● **Exercise objective**: The listing below must be repeated word for word, without its pictures.

● **Data block**:
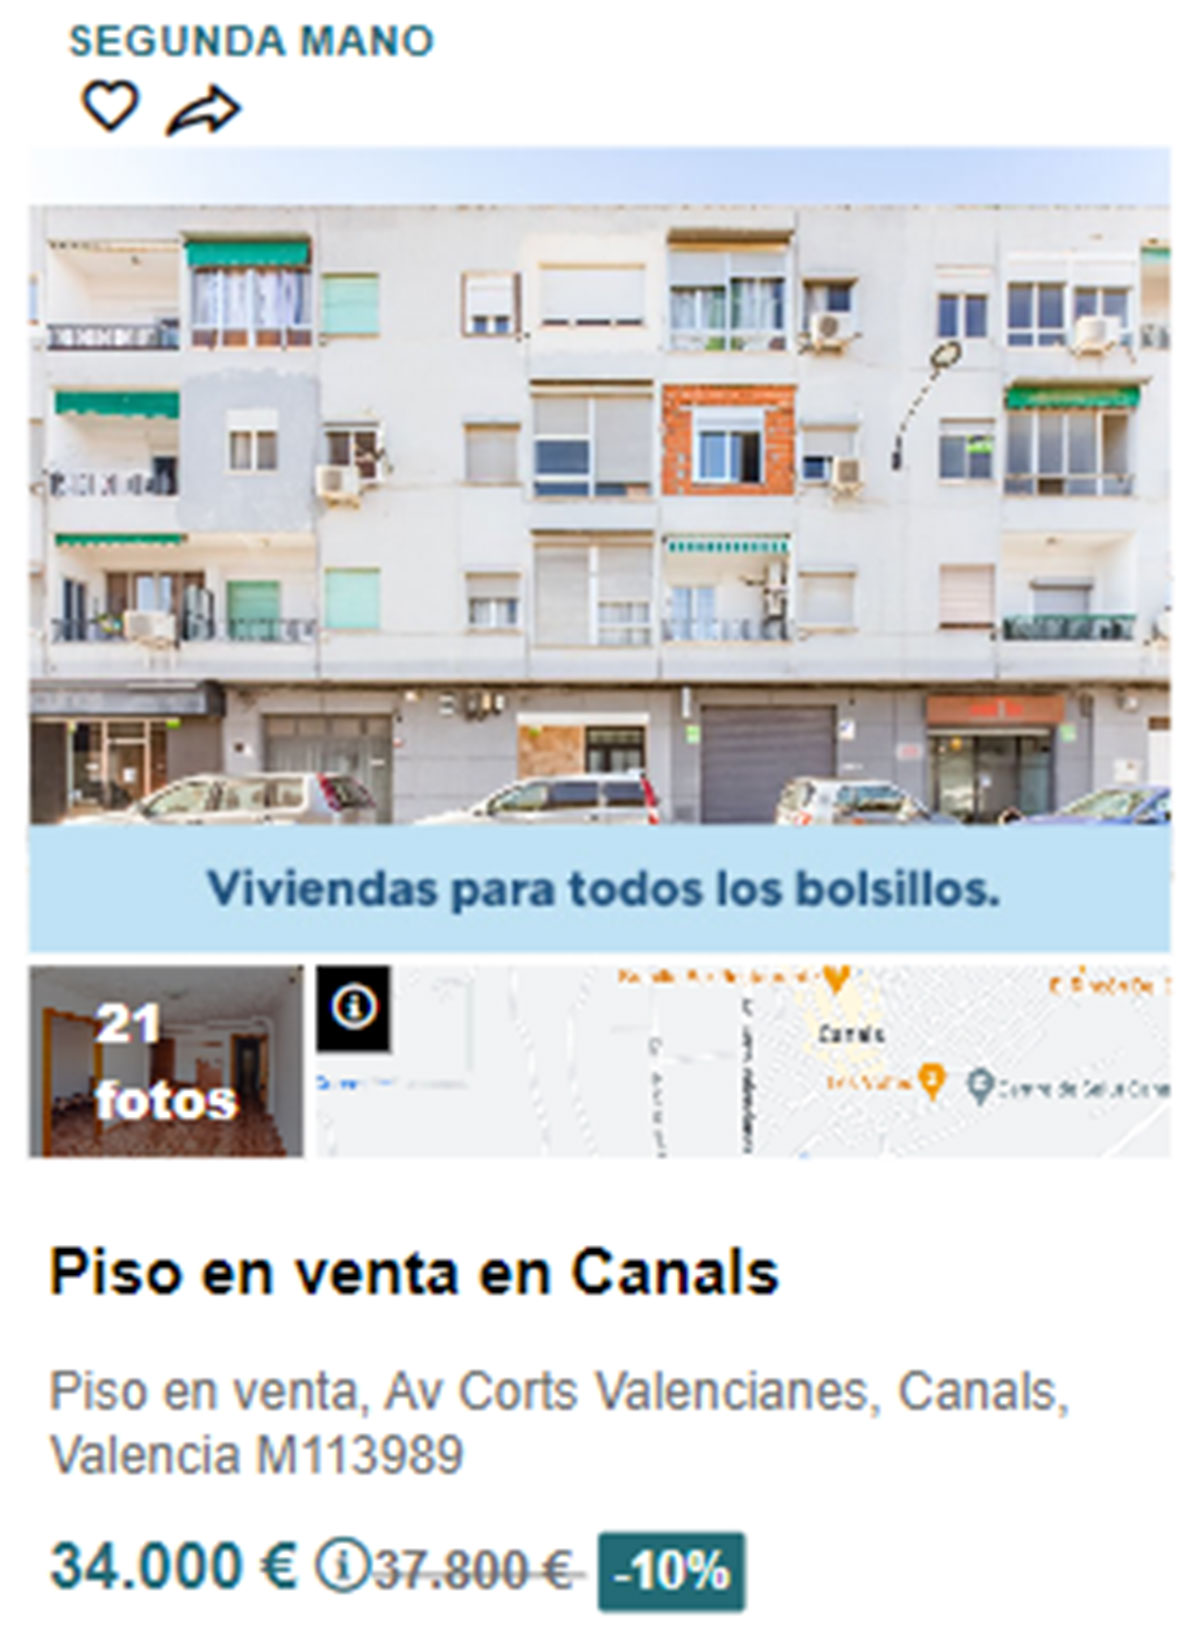 Piso en pueblos de Valencia por 34.000 euros
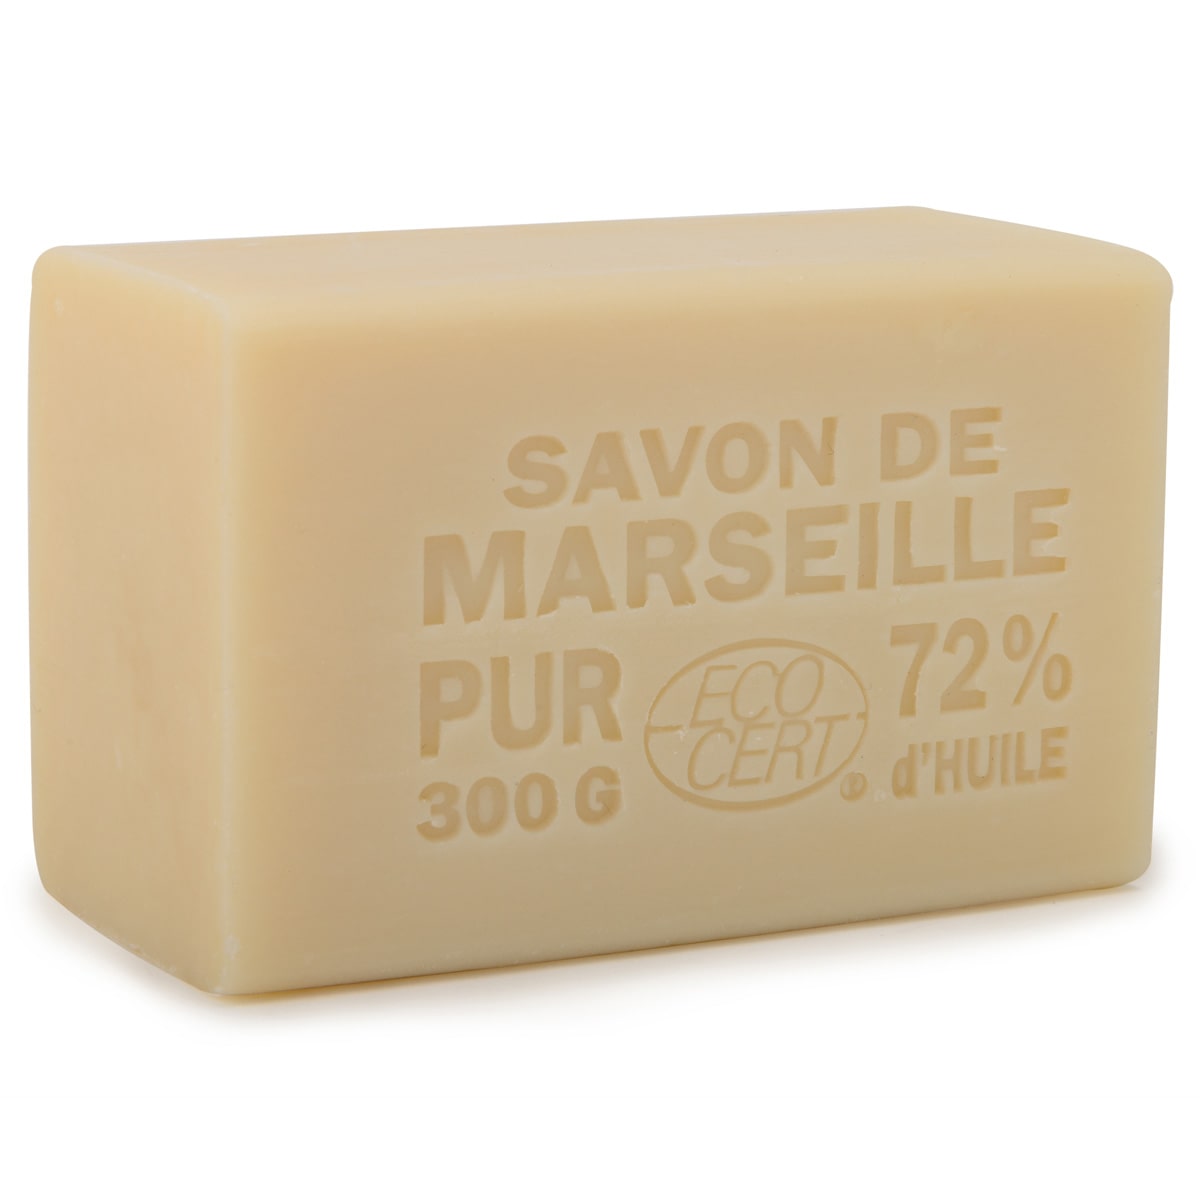 Pain de savon de Marseille aux huiles végétales 300g - Cosmos Natural
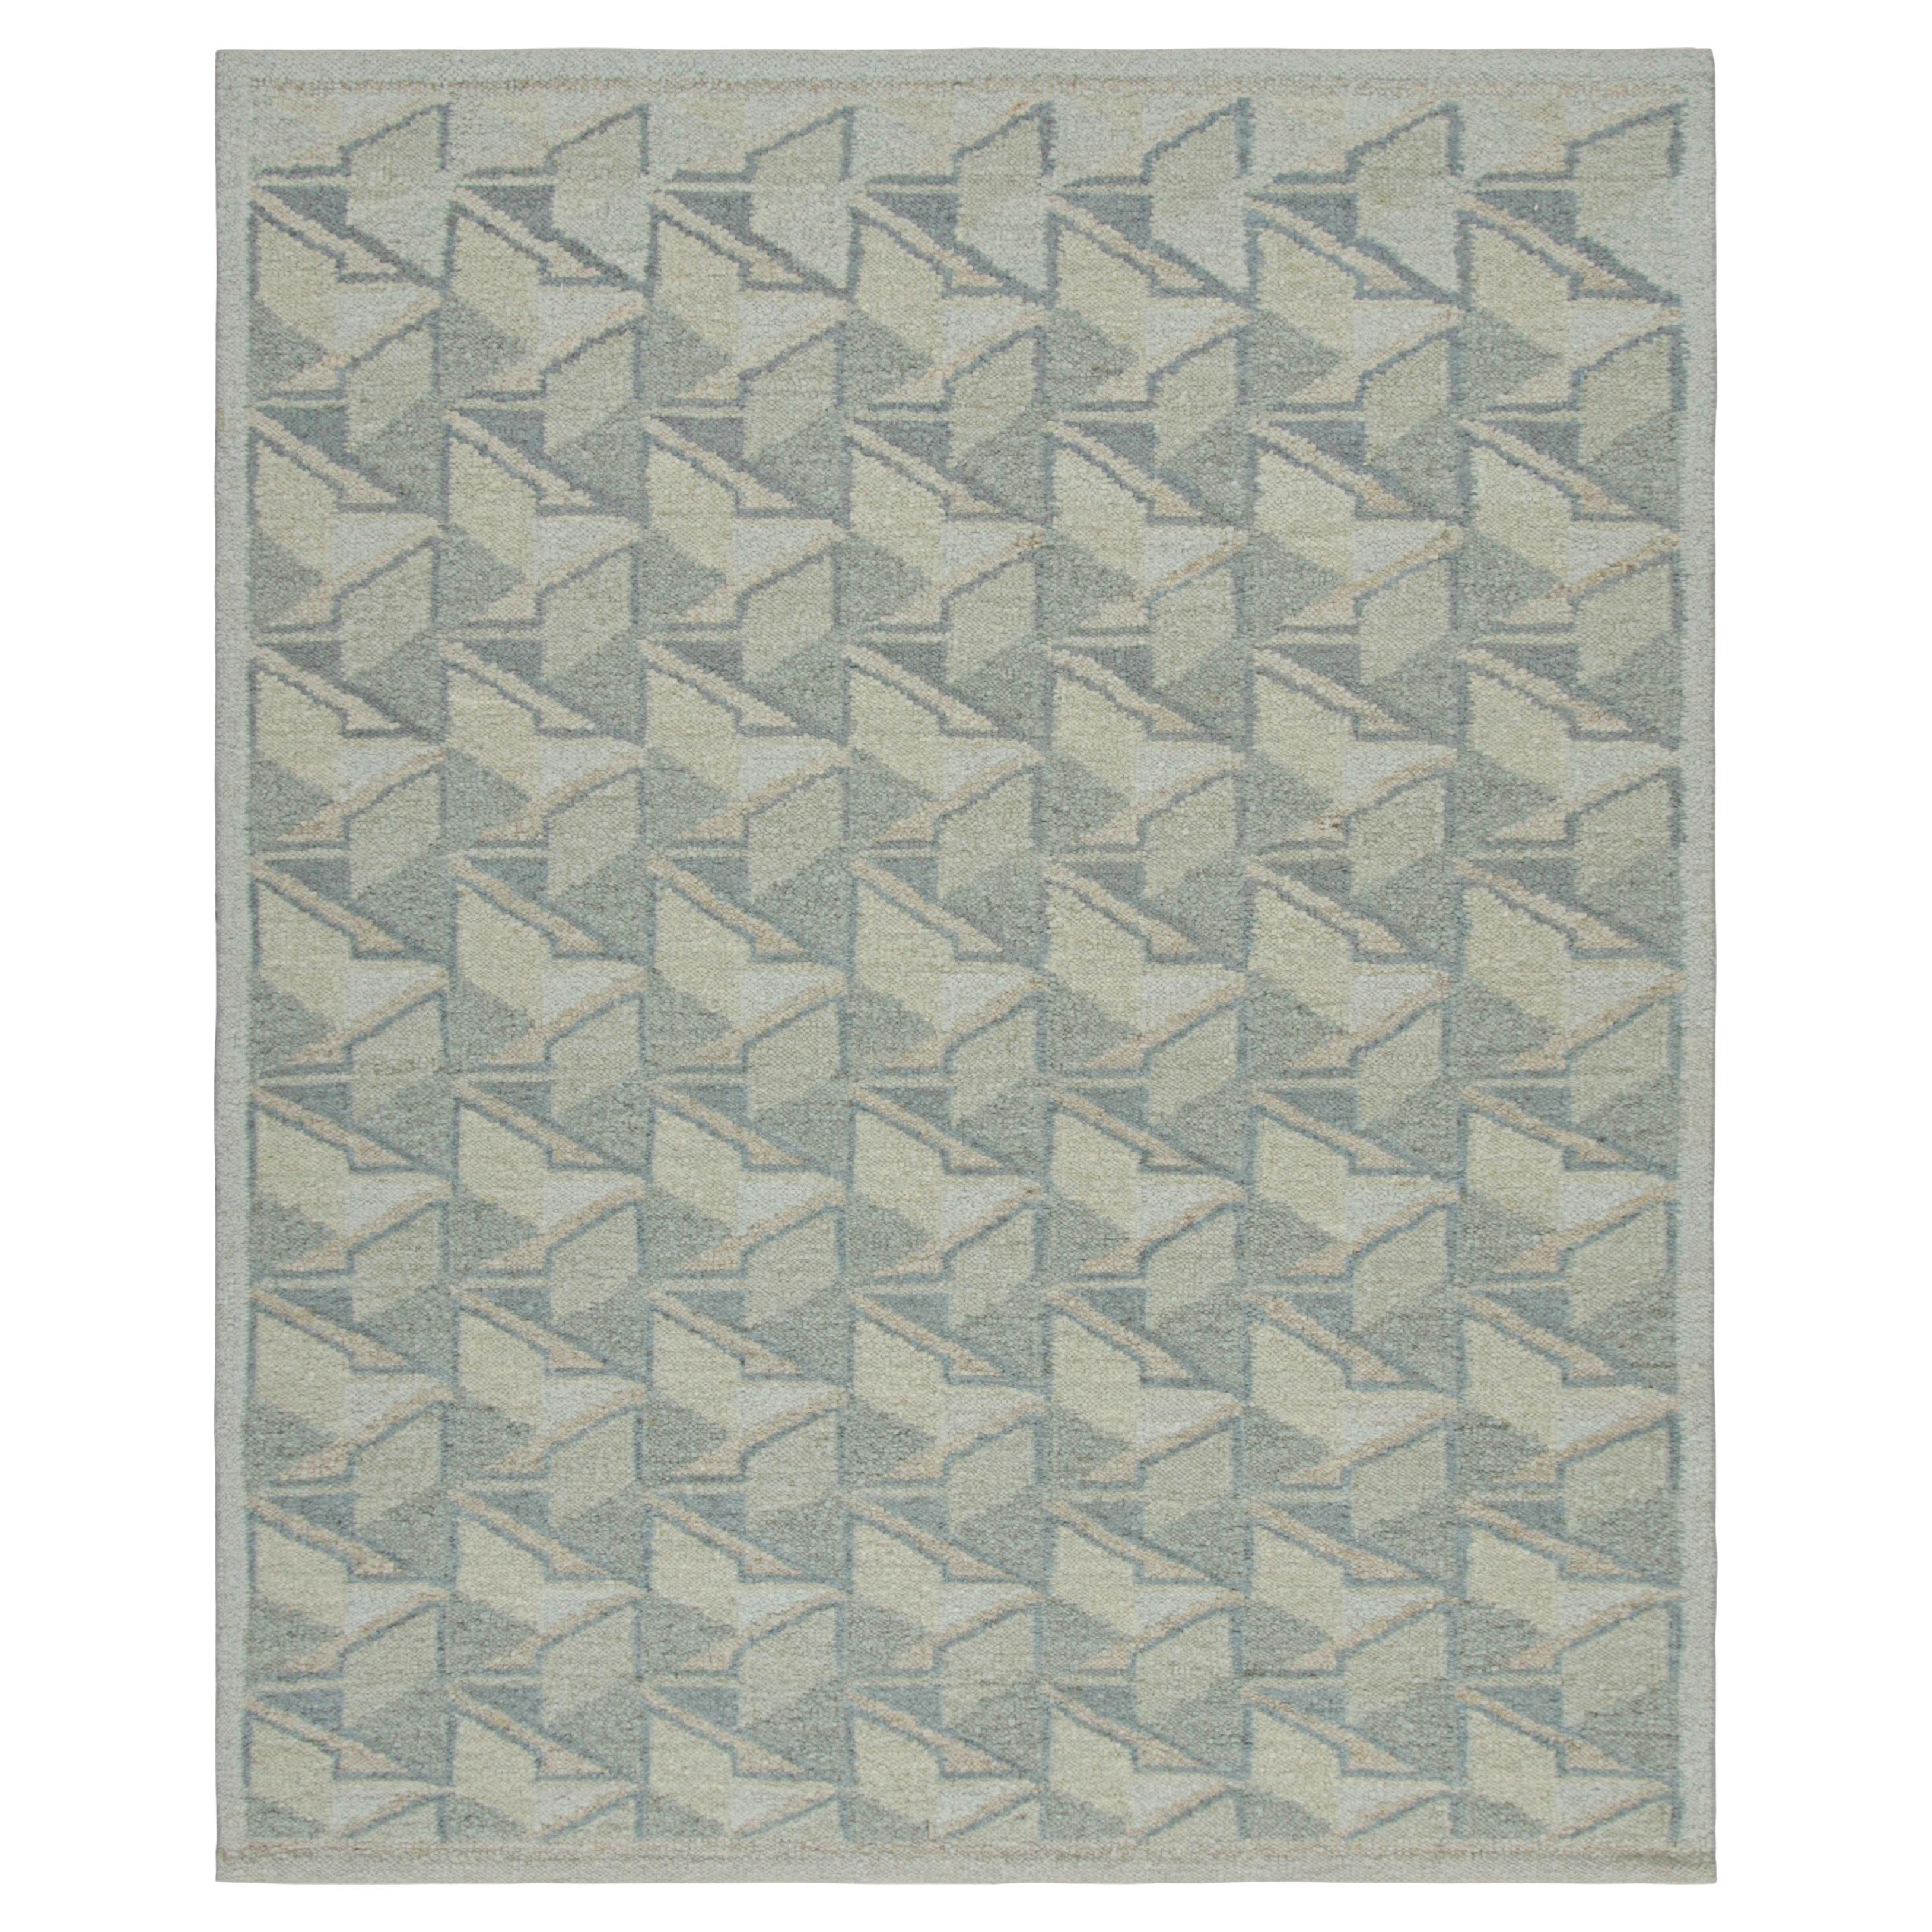 Tapis de style scandinave à motif géométrique bleu, blanc et crème de Rug & Kilim

● **Written response**:
 Piso en pueblos de Valencia por 34.000 euros
 Pain de savon de Marseille aux huiles végétales 300g - Cosmos Natural
 Tapis de style scandinave à motif géométrique bleu, blanc et crème de Rug & Kilim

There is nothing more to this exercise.